Её боль ядовитыми щупальцами проникала в каждый участок души и тела: руки неконтролируемо дрожали, на грудь словно опустилась бетонная плита, а по всему телу бежали маленькие электрические импульсы, бьющие под кожей бессердечным «твоявинатвоявинатвоявина».

– Нет, Гарри и Рон тоже моя семья, но родители – это другое.

Гермиона подняла на него глаза, полные слез. Она даже сама понимала, как жалко выглядит, и, будь это Малфой времен Хогвартса, он бы не преминул растереть её в порошок и пустить по ветру. Но этот, она знала, так не поступит. Слишком уж много он потерял на войне сам, чтобы добивать её. Солидарность потери.

– Мой отец, он… – Малфой головы не поднимал, просто шел куда-то по парку, не обращая внимания на визжащих детей на аттракционах или выкрикивающих зазывал.

– Он любил власть. Больше нее он любил разве что мать. Даже я был в первую очередь наследником, рожденным укрепить и преумножить величие рода. Кто бы мог подумать, что он сам изваляет в грязи славную фамилию, – Малфой невесело усмехнулся. Казалось, он тоже лечится этим разговором. А возможно, это было для нее. Его акт утешения. По-малфоевски.
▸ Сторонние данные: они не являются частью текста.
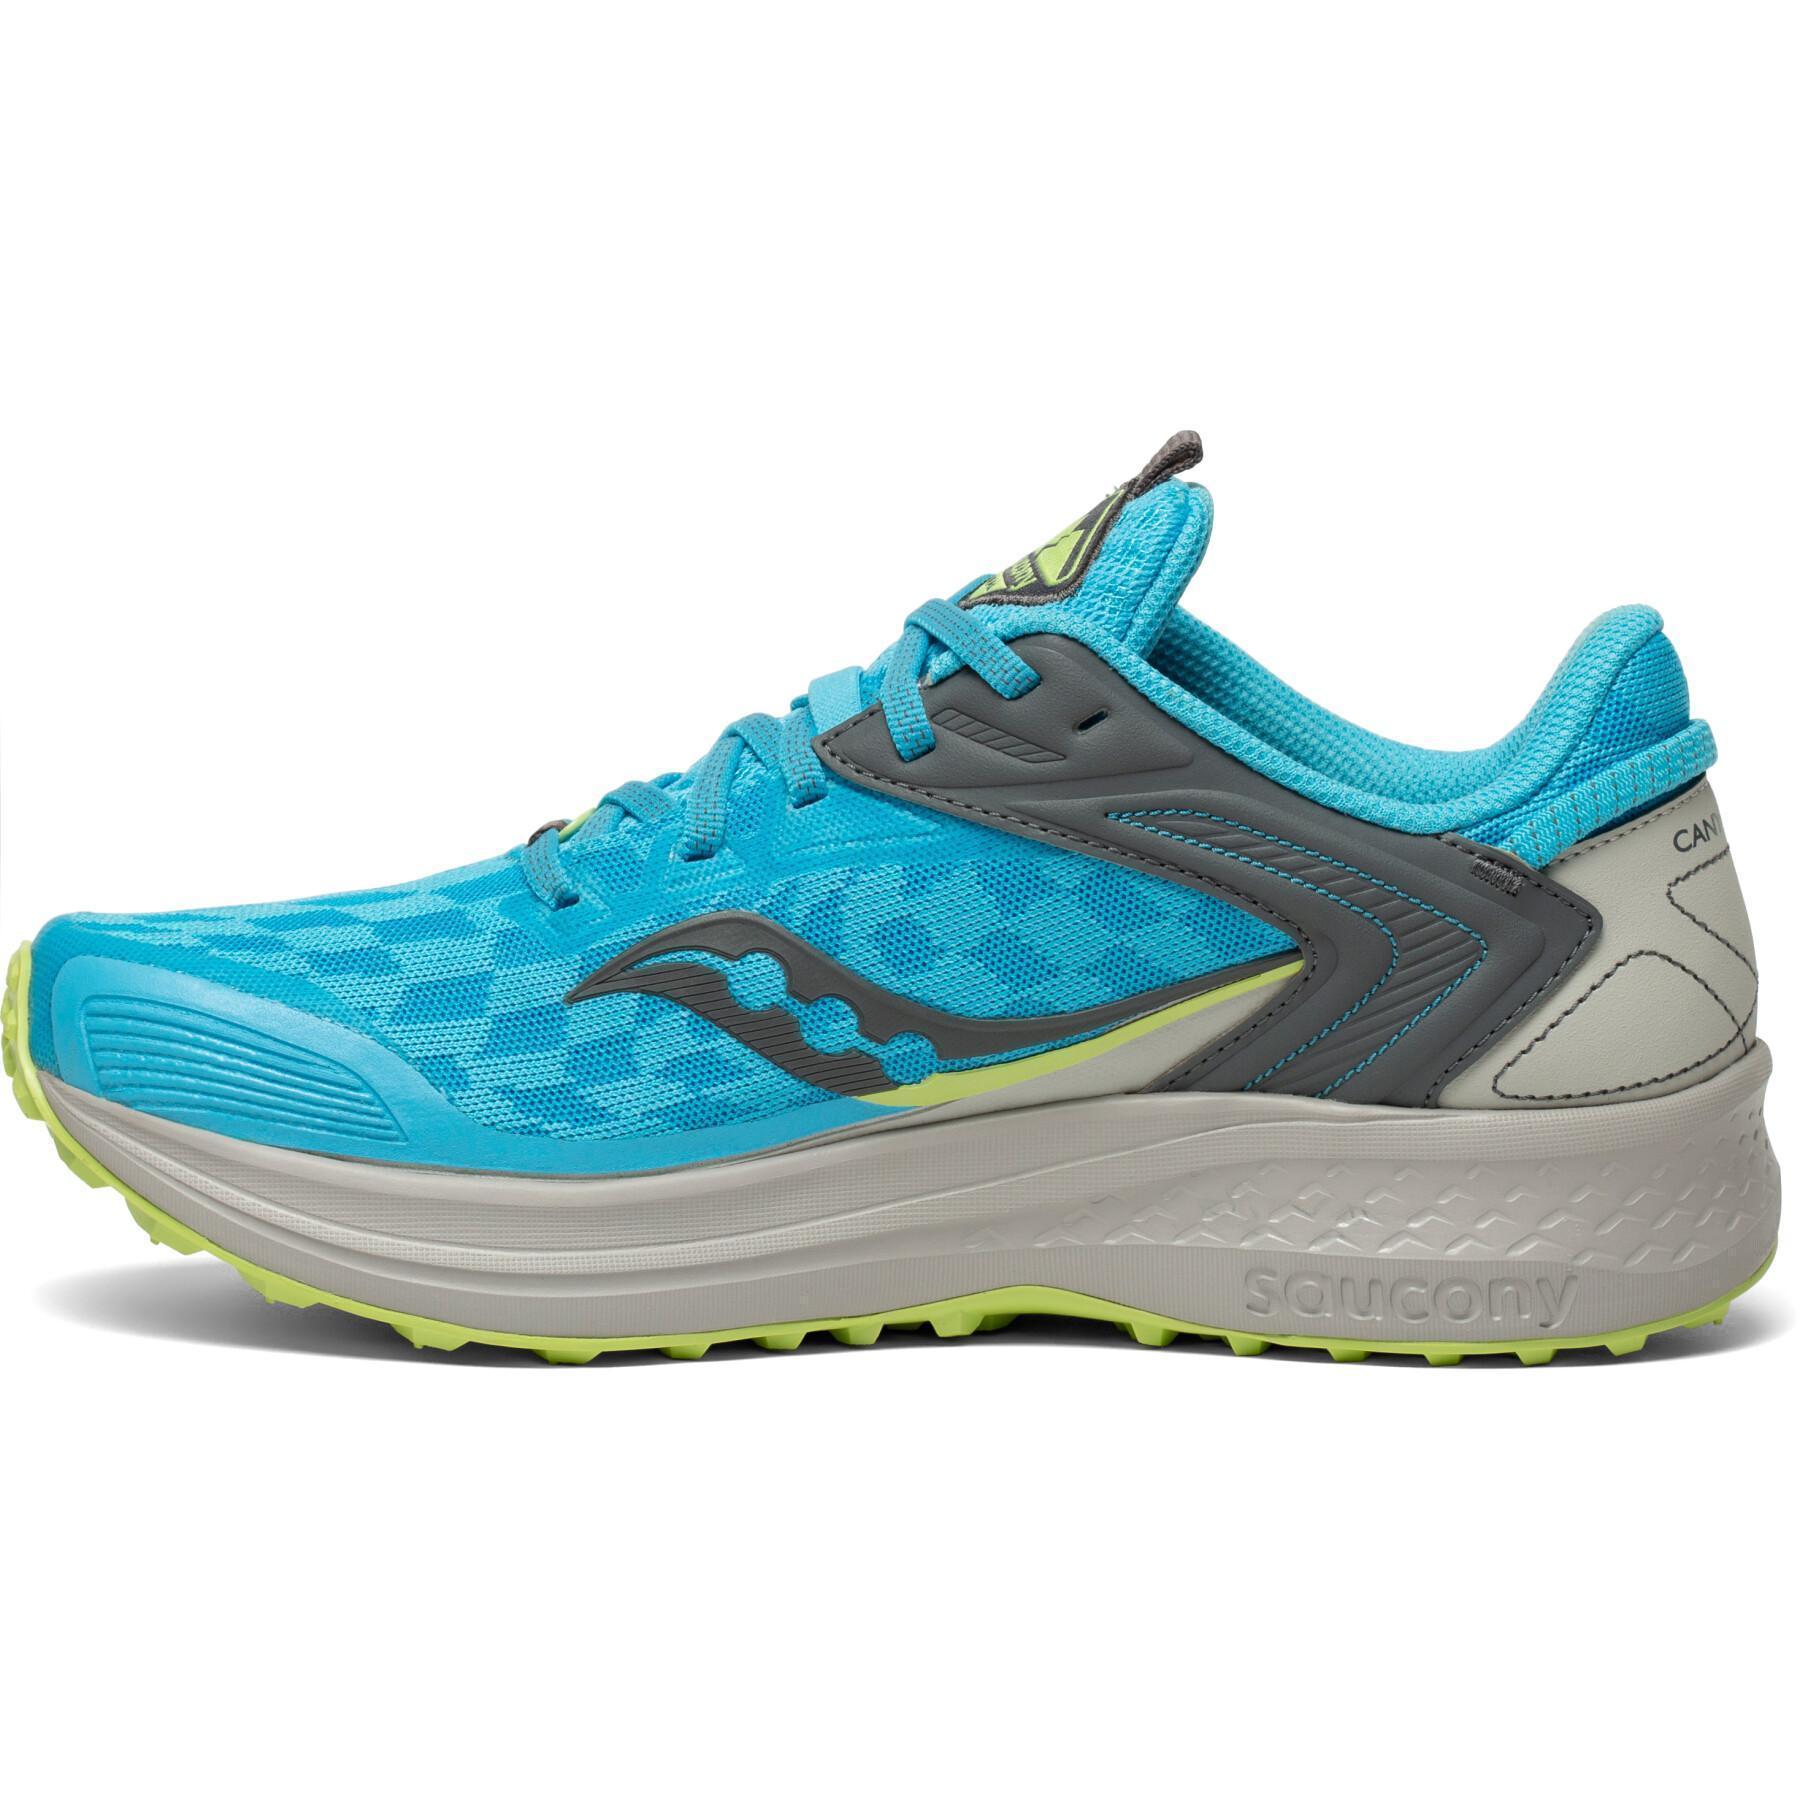 Women's shoes Saucony canyon tr2

– Я жил в хорошей семье, любящей. Это не казалось чем-то неправильным до четвертого курса. Но потом отца сломали: Волан-де-Морт хрустнул и без того хрупким отцовским стержнем. И авторитет отца пал. Но оставалась мать. Она всегда была сильнейшей в нашей семье. Она поддерживала отца, и только это мешало его безумию. Мама защищала нас, пока я не вырос и не взял это на себя. Нельзя было позволять ей нести это на себе. Она не была создана для этого.
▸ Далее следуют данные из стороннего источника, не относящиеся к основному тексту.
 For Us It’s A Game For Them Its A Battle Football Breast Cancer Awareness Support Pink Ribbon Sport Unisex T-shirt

Он смотрел на Гермиону нечитаемым взглядом. Она всегда знала, что у Малфоя не было выбора. Он стал таким же рабом обстоятельств, как и она, когда выбрала Гарри. Он выбрал мать. Теперь она чувствовала, что готова признать: у них и правда есть кое-что общее.

Оцепенелая безысходность. Они были двумя пятнами позора на полотне мирного послевоенного времени волшебников.

Она поднялась на носочки и обняла его. Это не было порывом – она действительно хотела. Возможно, это было благодарностью за его откровение, но, скорее всего, актом в духе: «Я с тобой, я понимаю». Таким же, какой она подарила Гарри, когда он готовился к схватке с Хвосторогой, или Рону, когда он чуть не потерял отца на пятом курсе.

Есть ли в жизни более долгожданные объятия?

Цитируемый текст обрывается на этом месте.